Webster's dismissal came in, as stated above, an in camera meeting. Ford is taking a lot of heat for undertaking this behind closed doors with public and media excluded from seeing what happened. One especially harsh critic, a city councillor, said, “These in-camera meetings, there’s more corruption and skullduggery going on in there than I’ve ever seen in my life.”

Oh wait, that was Councillor Rob Ford while running for mayor, eighteen months ago. Carry on.
posted by ricochet biscuit at 11:30 PM on February 21, 2012 [4 favorites]

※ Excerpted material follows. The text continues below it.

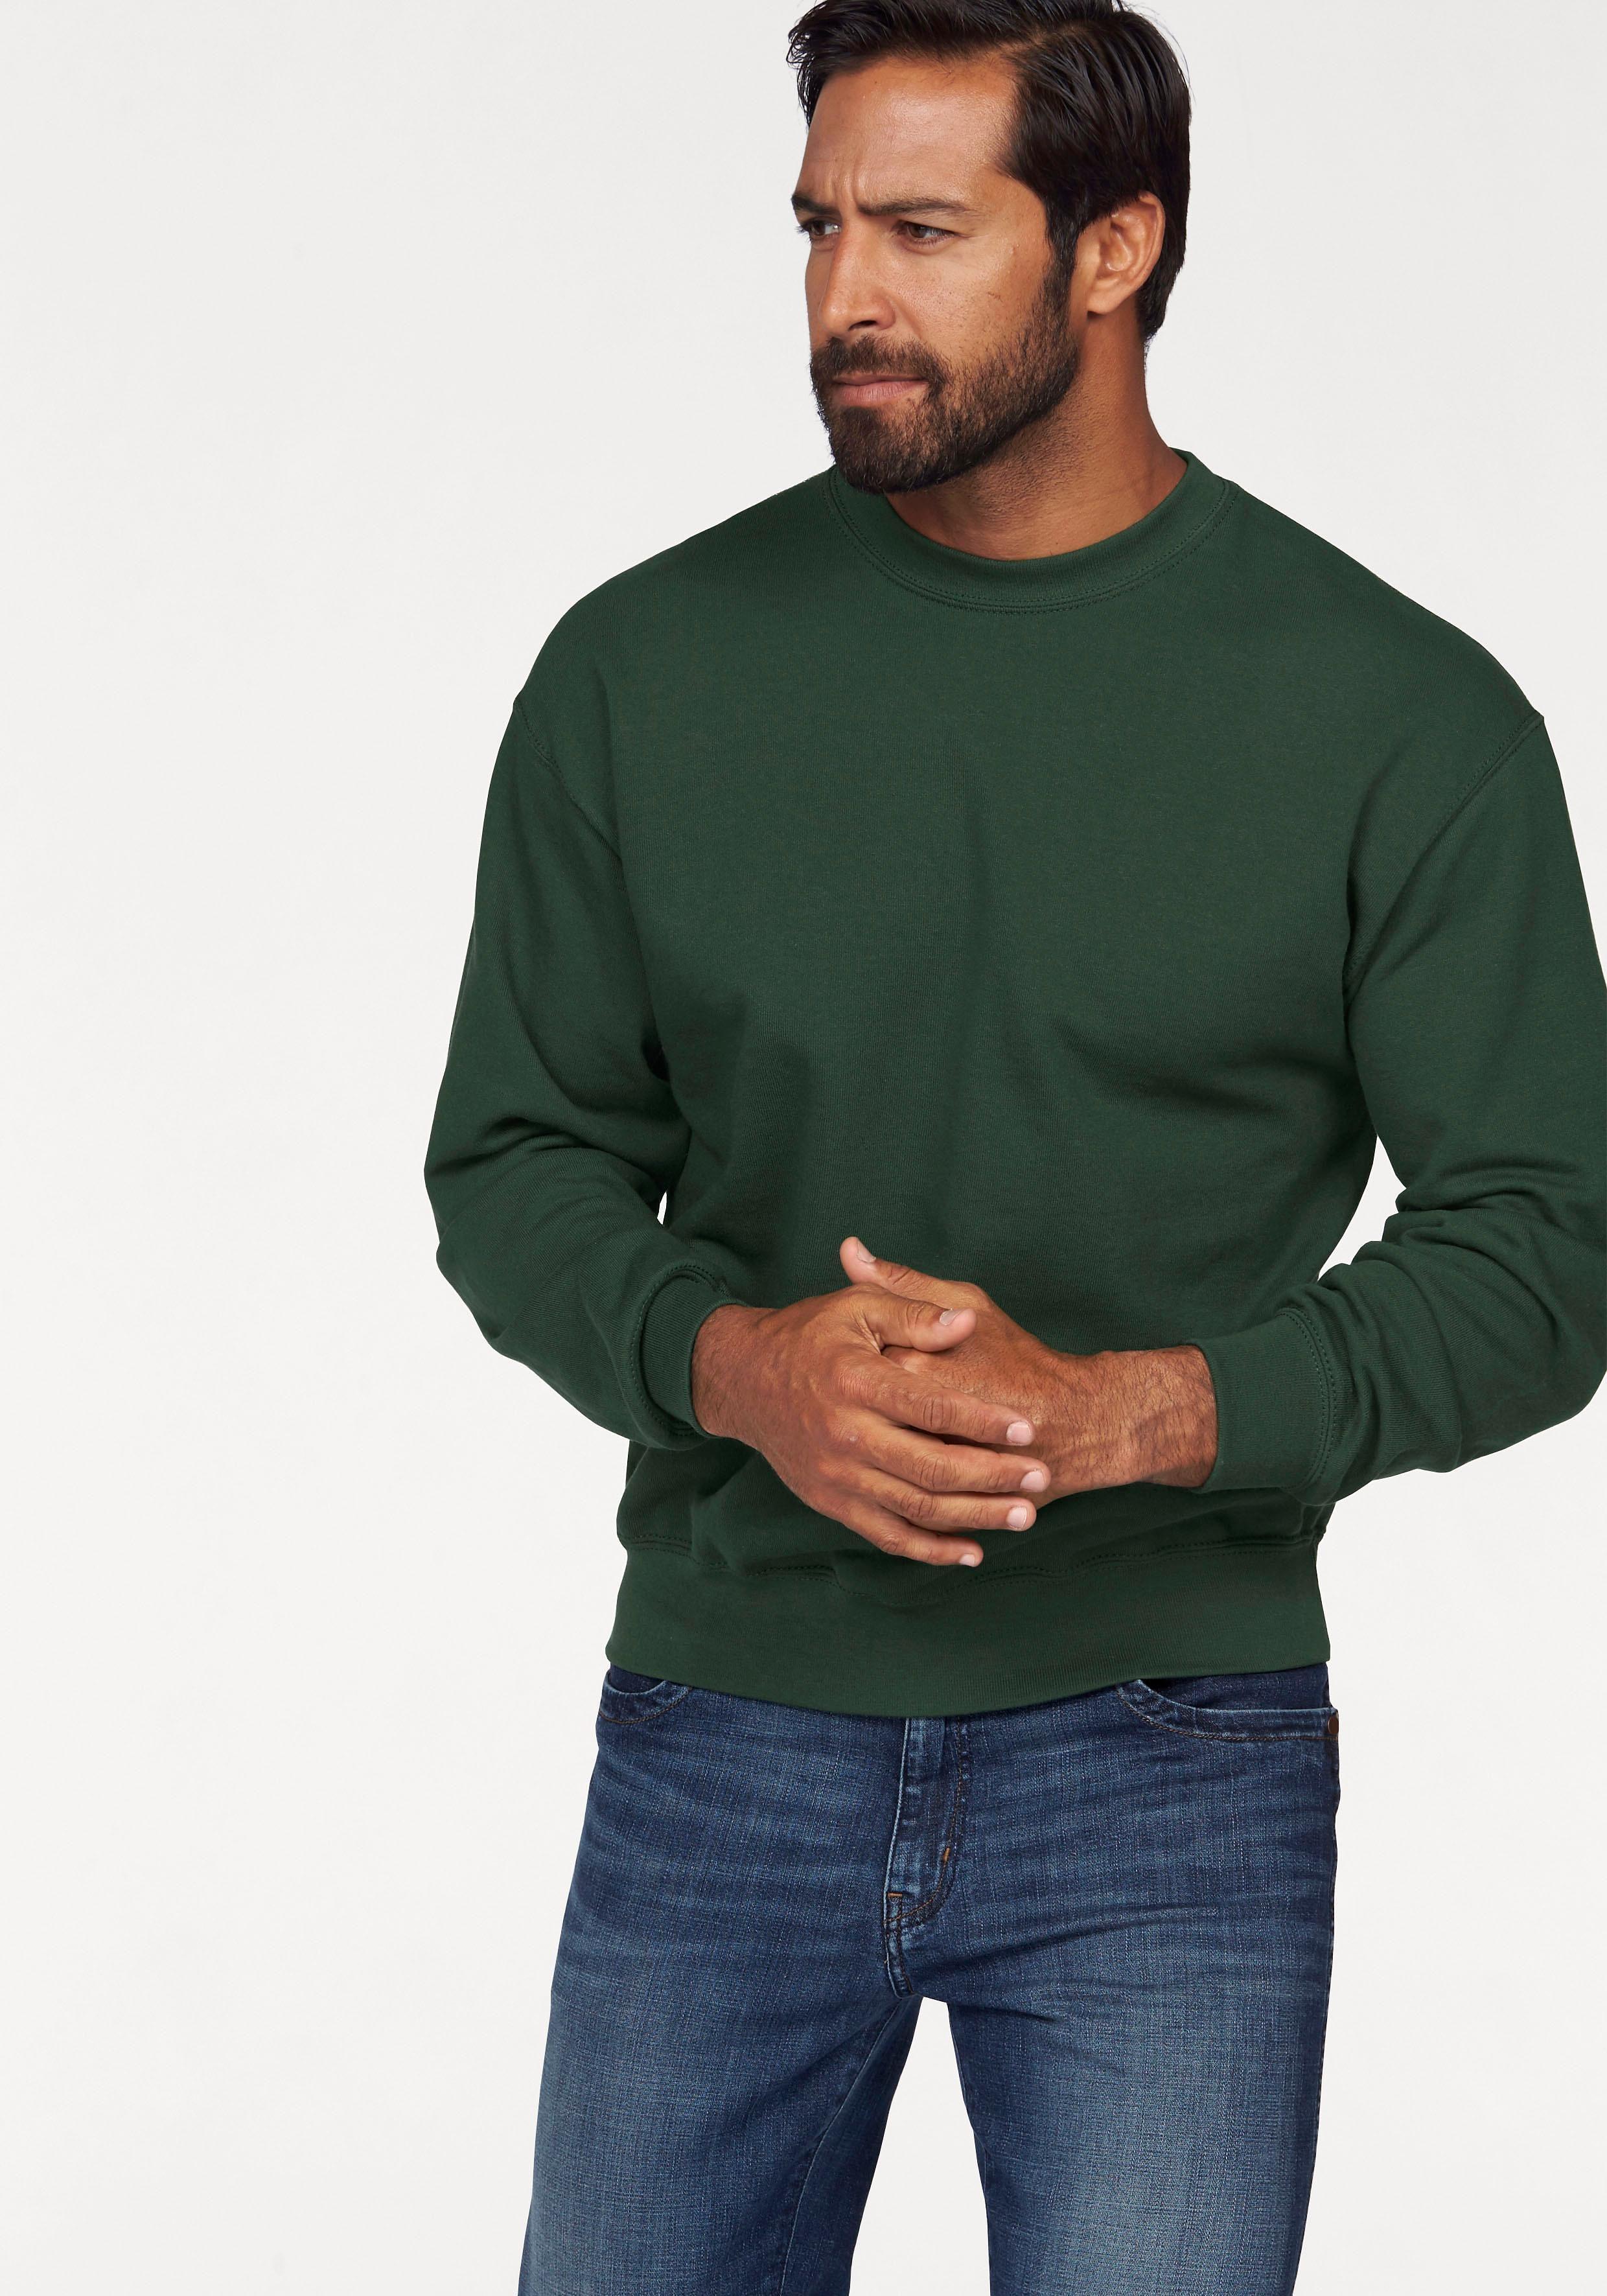 Fruit of the Loom Sweatshirt, Cooler Basic Style mit angerauter Innenseite online kaufen | OTTO

Honestly, this man makes Lastman look like an insightful, moderate politician. Yes, I hated Mel's politics, and most of his plans were absurd (moose? really, fiberglass *moose*?? And the African quote? And the Olympic Bid madness?) and futile, but the man loved the city dearly and was preposterously proud to be Mayor. He was a classic populist booster, and he hated unions, but he wasn't actively trying to harm the city.

Ford hates Toronto. He obviously hates everything about this place, and he only lives here because he can be a little tinpot god who's allowed to smear shit all over the city every day.

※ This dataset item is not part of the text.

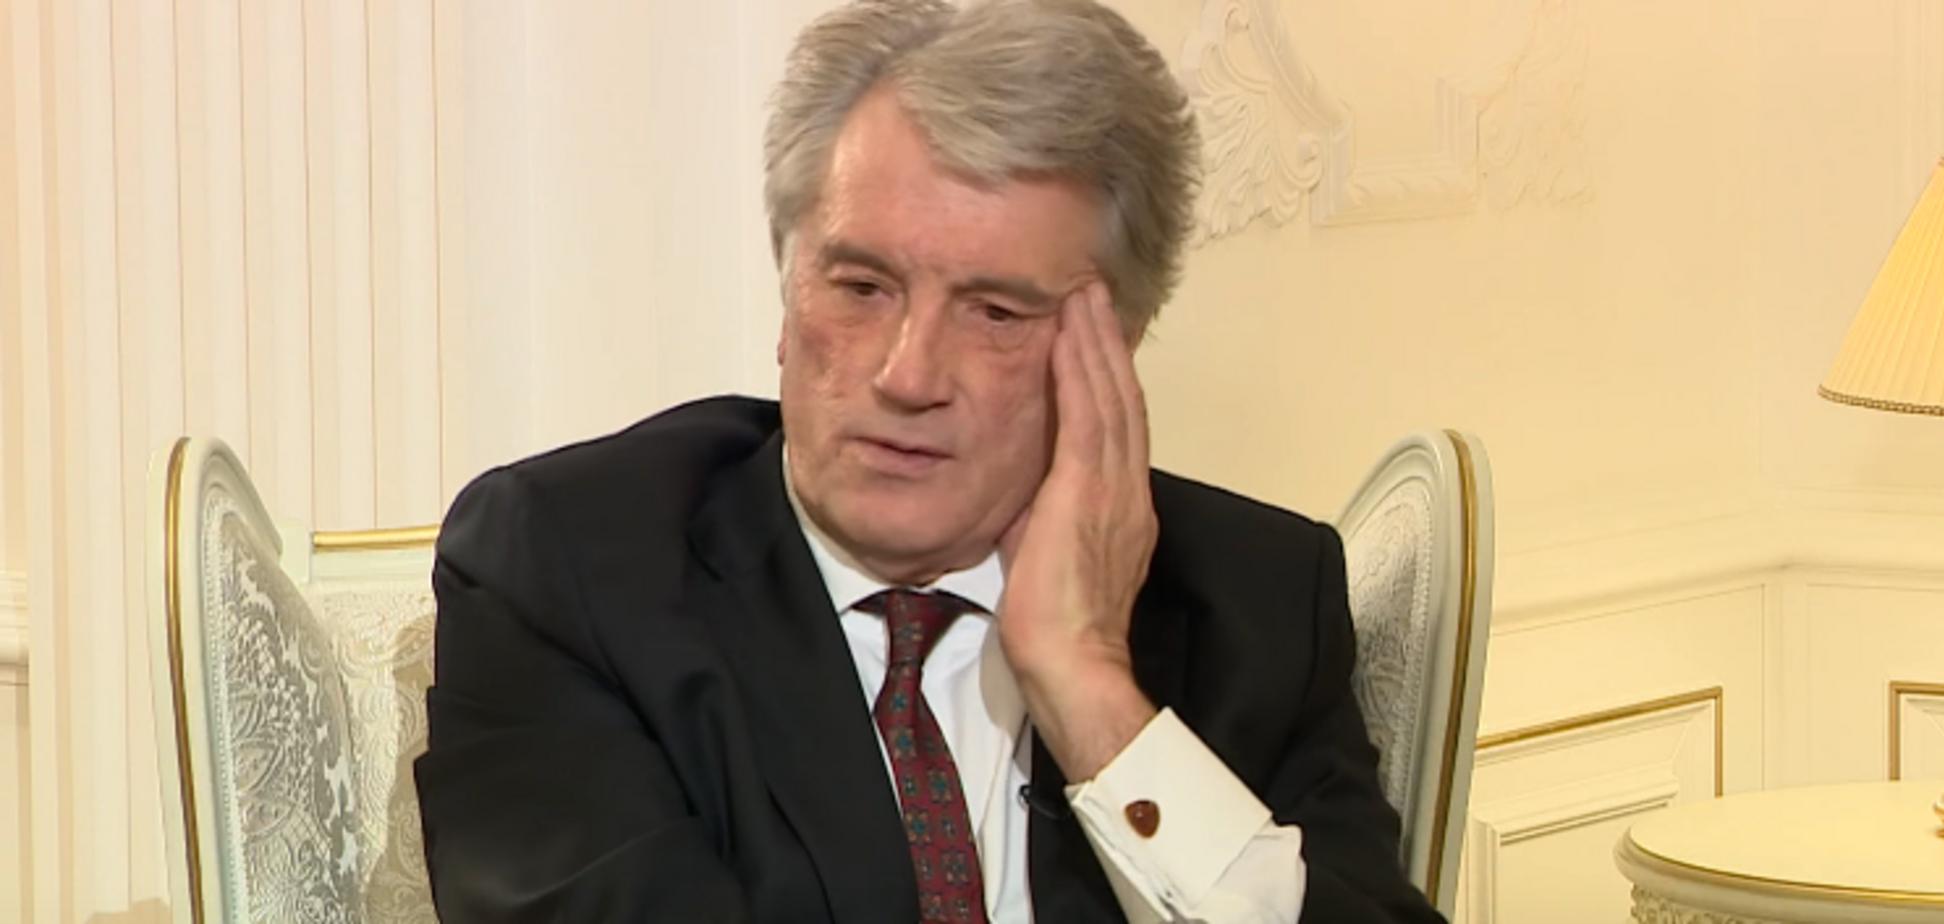 Отруєння не було? Матіос зробив гучну заяву про скандал з Ющенком

His supporters want subways because they keep pesky transit users out of the way of their cars: their idea of the perfect downtown core is a cluster of office towers surrounded by parking lots.
posted by jrochest at 11:58 PM on February 21, 2012 [1 favorite]


Toronto has a conservative white businessman as mayor, and Calgary has a progressive muslim mayor with an academic background. It's like a Freaky Friday of municipal politics.
posted by sixohsix at 5:25 AM on February 22, 2012 [1 favorite]


Which has always been the case, except this time they got enough votes to win. In other words...Toronto is trending rightward (along with the rest of Ontario).

Actually, in Toronto, what you had was support shifting from the Liberals to the NDP, perhaps because the latter was viewed as a more viable opposition. In a few cases, it was enough to make the NDP win the seat, but usually, it just made the Liberals lose the seat.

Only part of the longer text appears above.